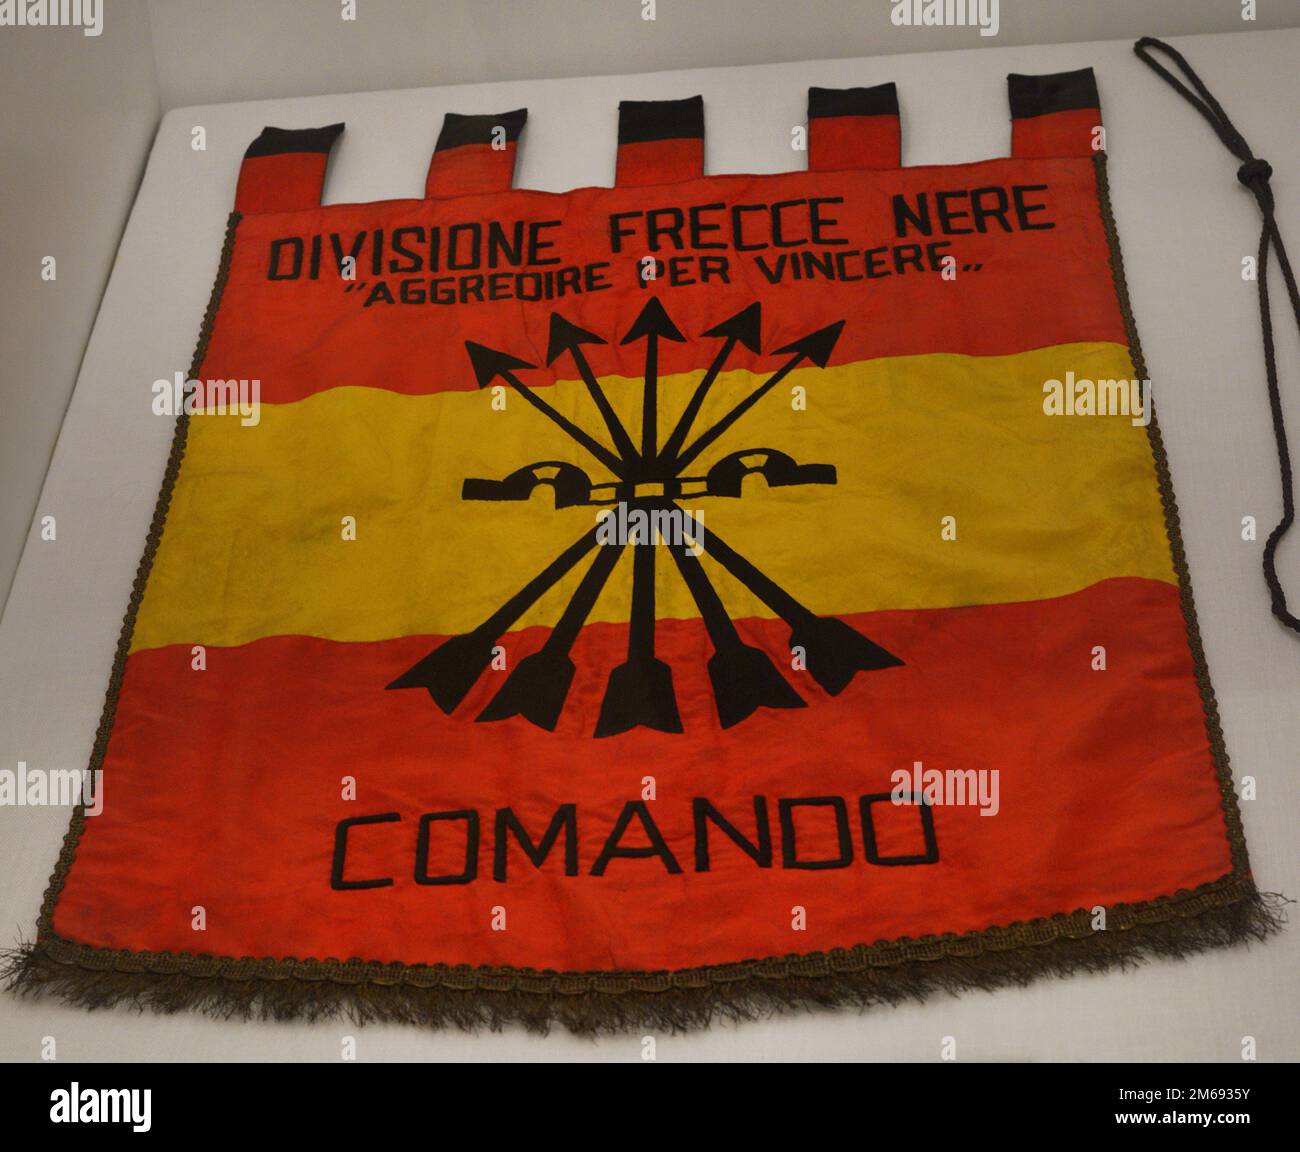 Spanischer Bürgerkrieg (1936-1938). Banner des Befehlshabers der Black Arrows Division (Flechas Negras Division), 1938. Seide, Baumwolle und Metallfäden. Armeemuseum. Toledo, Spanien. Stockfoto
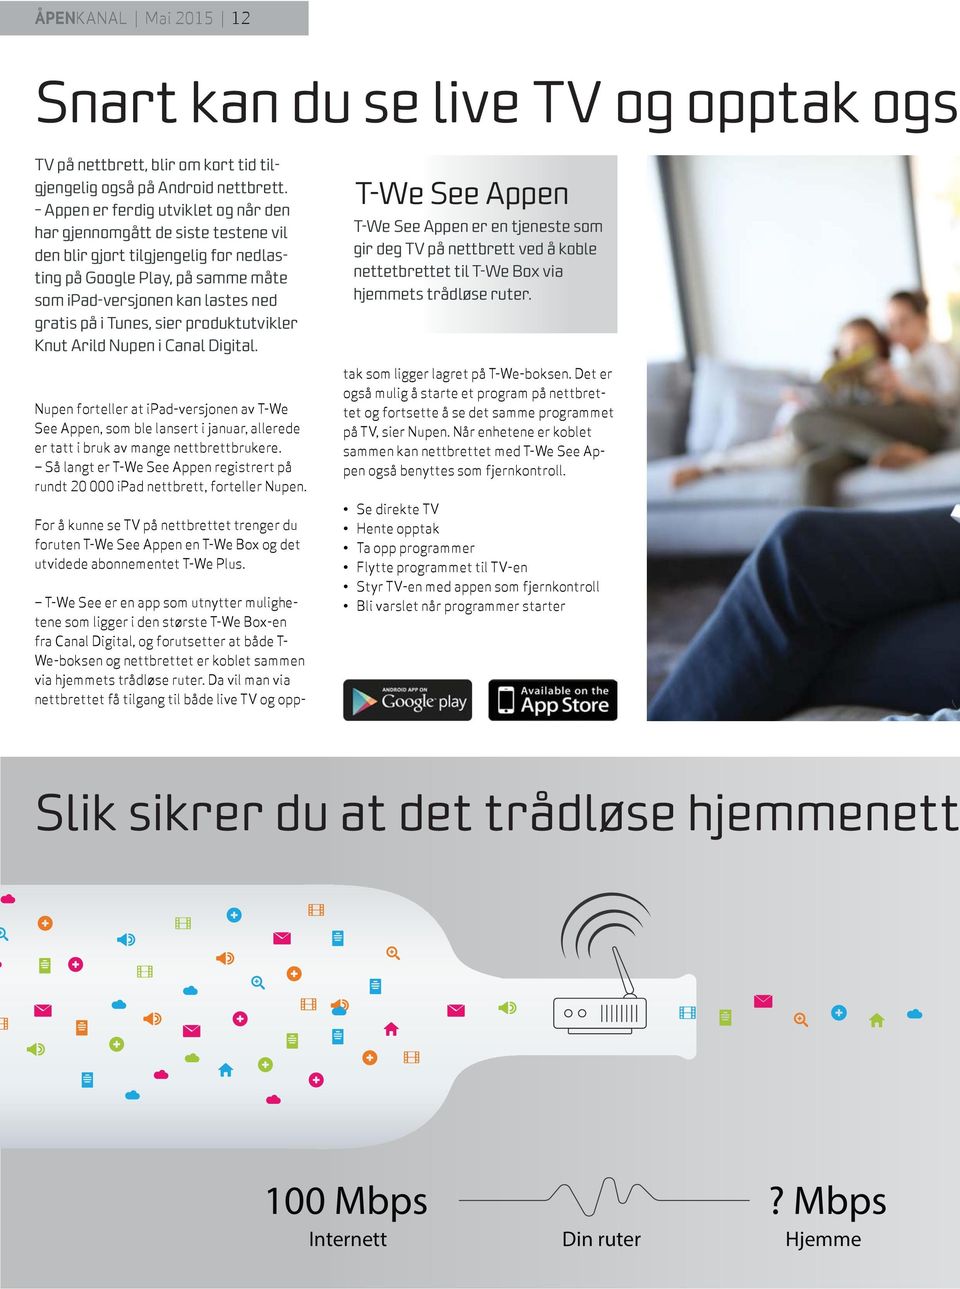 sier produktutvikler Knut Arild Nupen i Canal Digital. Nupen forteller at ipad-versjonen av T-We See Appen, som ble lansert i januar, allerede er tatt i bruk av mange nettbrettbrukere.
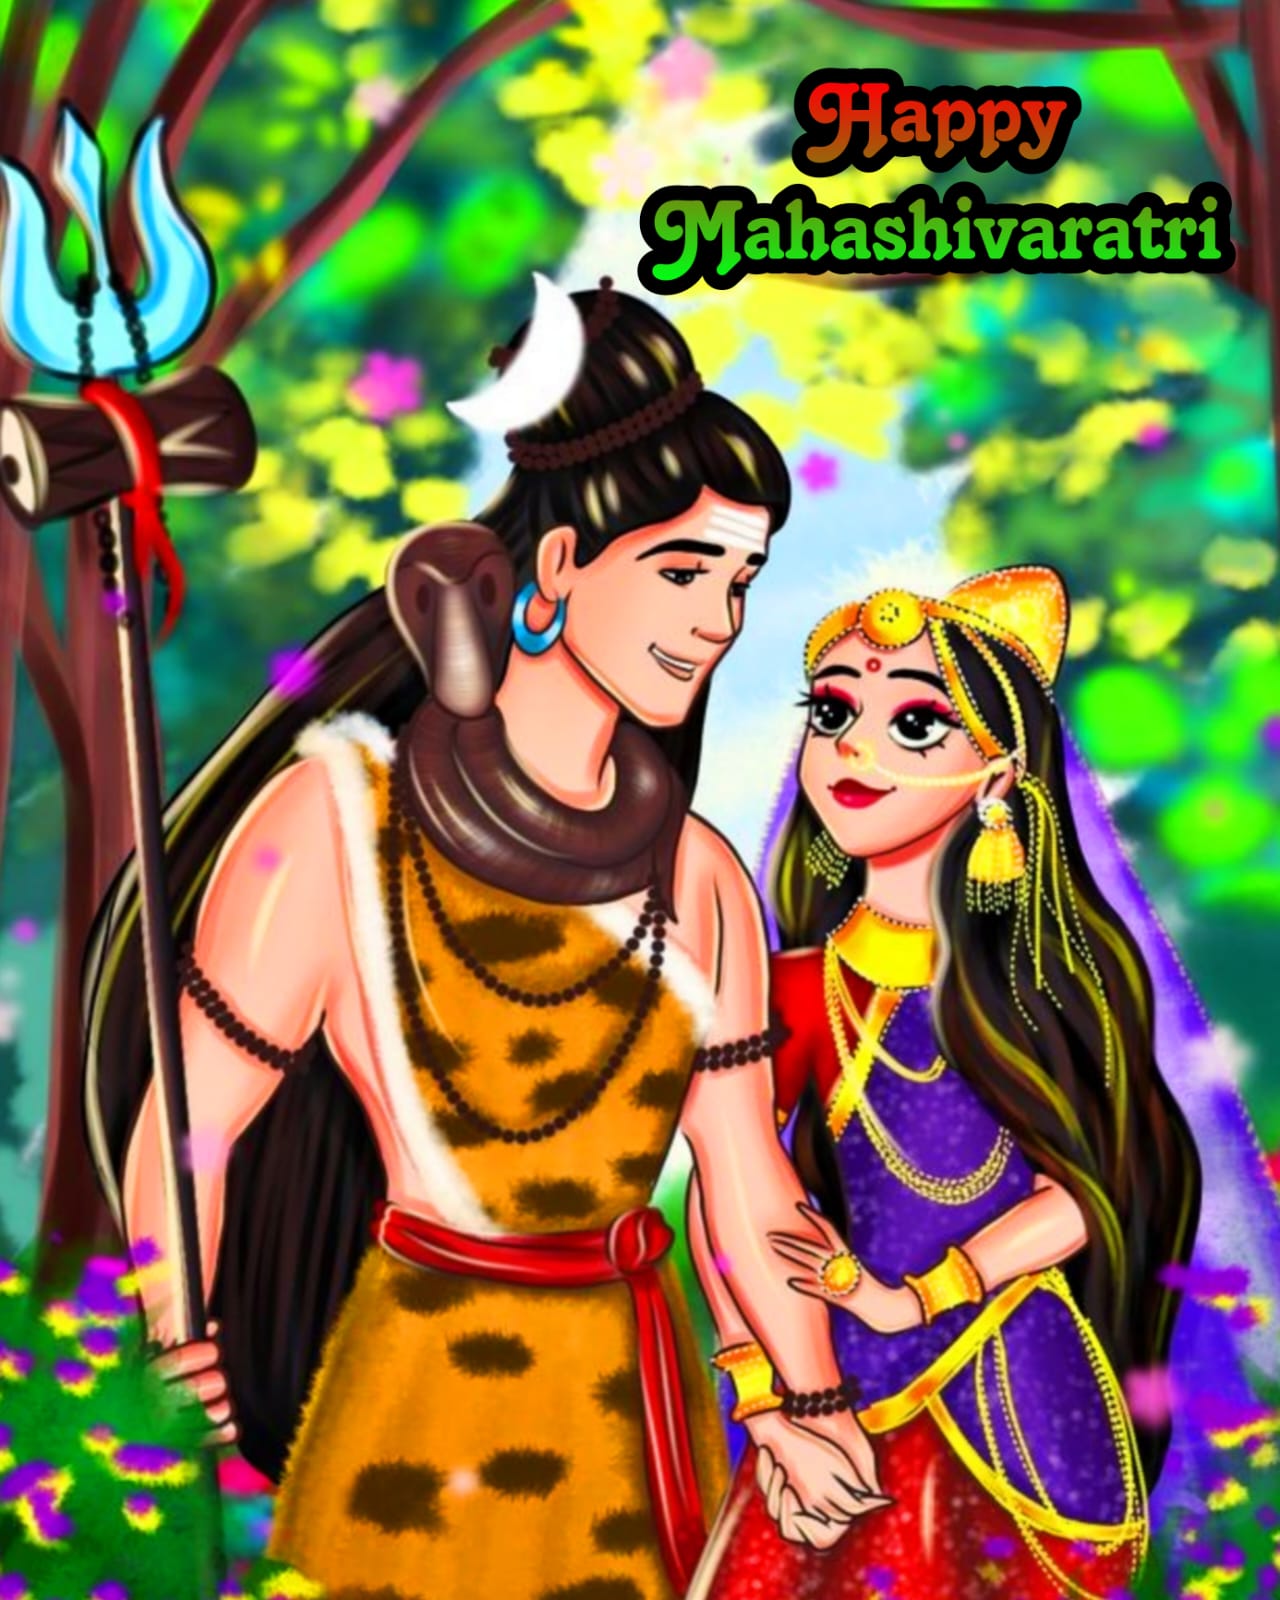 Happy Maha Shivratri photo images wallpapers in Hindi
───
What you need to do:
What is needed here is each line above set down word for word, minus the images.

Expected output:
 Spanischer Bürgerkrieg (1936-1938). Banner des Befehlshabers der Black Arrows Division (Flechas Negras Division), 1938. Seide, Baumwolle und Metallfäden. Armeemuseum. Toledo, Spanien. Stockfoto
 sier produktutvikler Knut Arild Nupen i Canal Digital. Nupen forteller at ipad-versjonen av T-We See Appen, som ble lansert i januar, allerede er tatt i bruk av mange nettbrettbrukere.
 Happy Maha Shivratri photo images wallpapers in Hindi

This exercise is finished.